# Exercise 2: Transfer Learning

Attribution: Kolhatkar, Varada (2024) [DSCI 572](https://ubc-mds.github.io/DSCI_572_sup-learn-2/README.html) 

**Transfer learning** is like borrowing knowledge from one task to help with another: you take a model that has already learned patterns from a related task (e.g., classifying images in [Imagenet](https://www.image-net.org/)) and adapt it to your task (e.g., detecting specific types of fruits) with less effort and data. 

In this exercise, you will explore transfer learning by leveraging pre-trained image classification models. Specifically, you will:

- Use these models out of the box to classify your own images.
  
- Use them as feature extractors to obtain rich representations of your images, which you can then apply to your own tasks.

**Important!!**

We are going to run this notebook on the cloud using [Kaggle](https://www.kaggle.com). Kaggle offers **30 hours** of free GPU usage per week which should be much more than enough for this lab. 

You should make sure the followings are ready **before** you start the lab.

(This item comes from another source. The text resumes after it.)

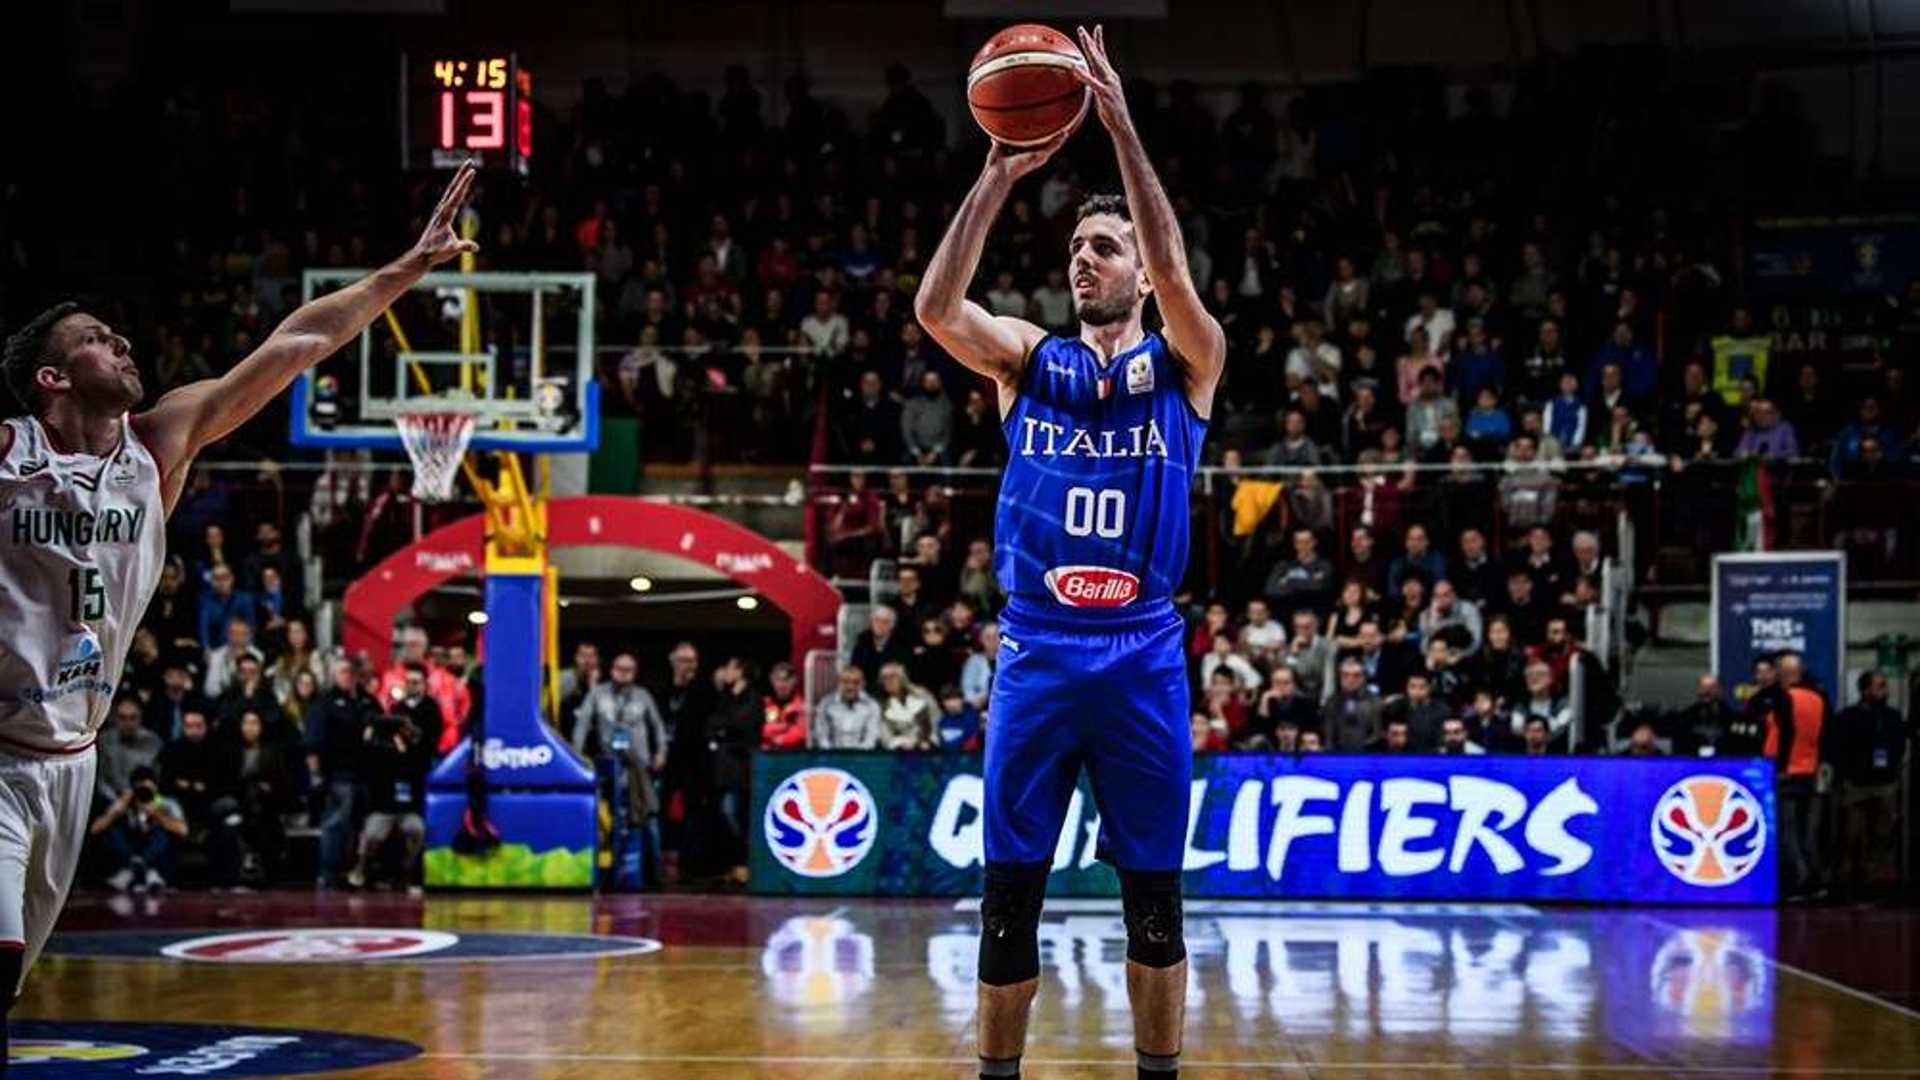 The EuroBasket 2022 Group C match between Great Britain vs Italy will be held at Forum di Assago on September 8 at 9:00 PM (International time), and September 9, 12:30 AM (Indian time).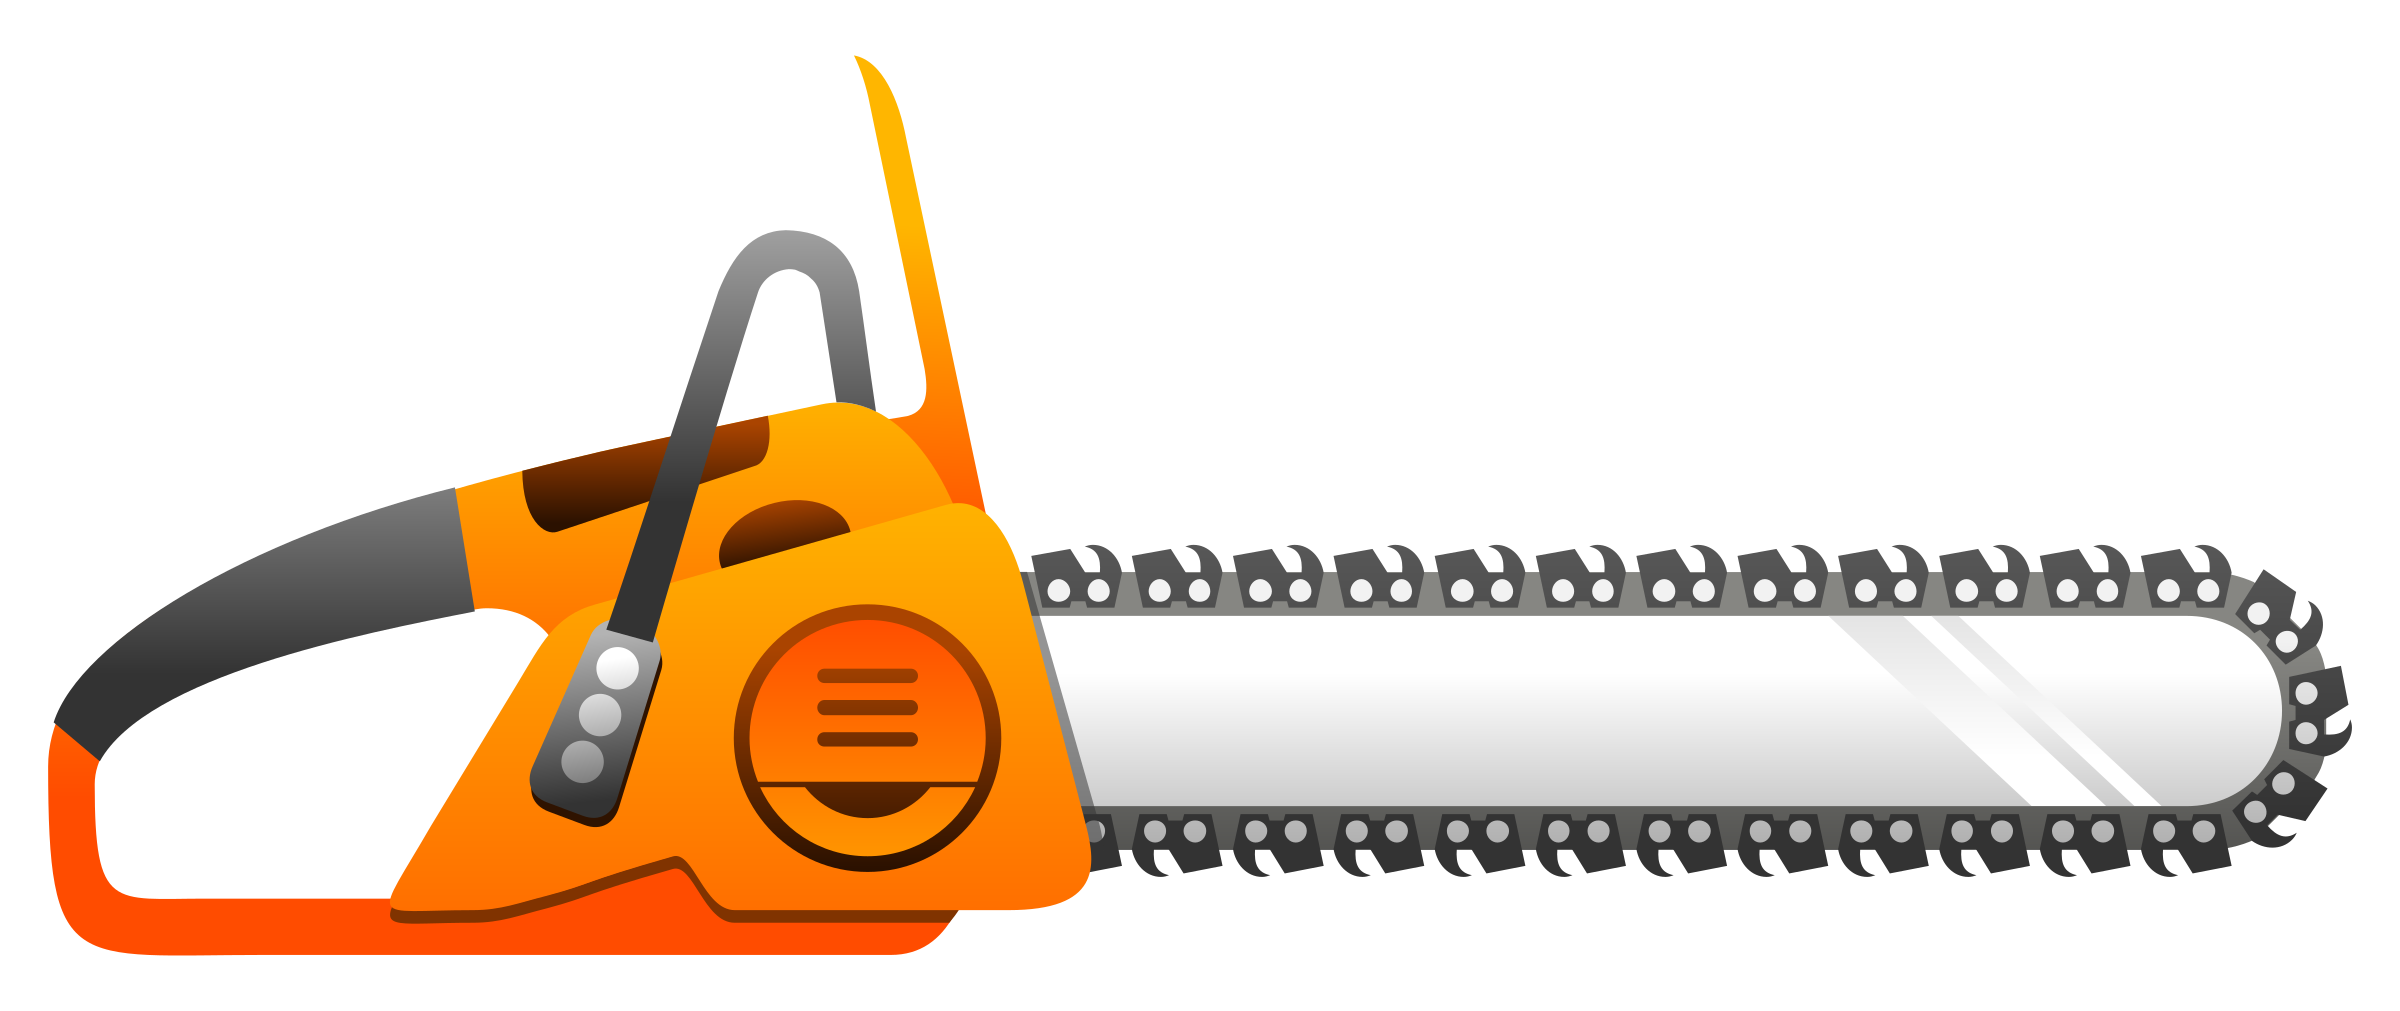 Chainsaw Vector PNG Image High Quality PNG Image

- Create an Kaggle account [here](https://www.kaggle.com/) if you don't have one yet
  
- Verify your phone number [here](https://www.kaggle.com/settings) to get access to GPUs

## Getting Started with Kaggle Kernels
<hr>

To get started, follow these steps:

1. Go to https://www.kaggle.com/kernels
2. Select `+ New Notebook`
3. Click `File` on the top left side of your Kaggle notebook, select `Import Notebook`
4. Upload this notebook
5. On the right-hand side of your Kaggle notebook, find `Session options` and make sure:
  
  - `INTERNET` is enabled.
  
  - In the `ACCELERATOR` dropdown, choose the options starts with `GPU` when you're ready to use it (you can turn it on/off as you need it).
    
7. **Run** the cell below for preparation the model, labels and functions.
> The code in the following cell contains helper functions that will be used later. You don't need to fully understand this code to answer the questions in this notebook.

In [None]:
# Import 
from PIL import Image
from sklearn.linear_model import LogisticRegression
from sklearn.pipeline import make_pipeline
from sklearn.preprocessing import StandardScaler
from torch import nn, optim
from torchvision import datasets, models, transforms, utils
import glob
import json
import matplotlib.image as mpimg
import matplotlib.pyplot as plt
import numpy as np
import os, sys
import pandas as pd
import random
import torch
import torchvision
%matplotlib inline

plt.rcParams.update({'axes.grid': False})

# Download ImageNet labels
!wget https://raw.githubusercontent.com/pytorch/hub/master/imagenet_classes.txt

# Prepare the device
device = torch.device('cuda' if torch.cuda.is_available() else 'cpu')

# Initialize model globally for reuse
vgg_model = models.get_model('vgg16', weights='VGG16_Weights.DEFAULT').to(device)
vgg_model.eval()

densenet_model = models.get_model('densenet121', weights="DenseNet121_Weights.IMAGENET1K_V1").to(device)
densenet_model.classifier = nn.Identity()  # remove that last "classification" layer
densenet_model.eval()

def classify_image(img: Image.Image, topn: int = 4) -> pd.DataFrame:
    """
    Classify an image using a pre-trained VGG16 model.
    
    Args:
        img: PIL Image to classify
        topn: Number of top predictions to return
        
    Returns:
        DataFrame with top class predictions and their probabilities
    """
    preprocess = transforms.Compose([
                transforms.Resize(299),
                transforms.CenterCrop(299),
                transforms.ToTensor(),
                transforms.Normalize(mean=[0.485, 0.456, 0.406], 
                                  std=[0.229, 0.224, 0.225])])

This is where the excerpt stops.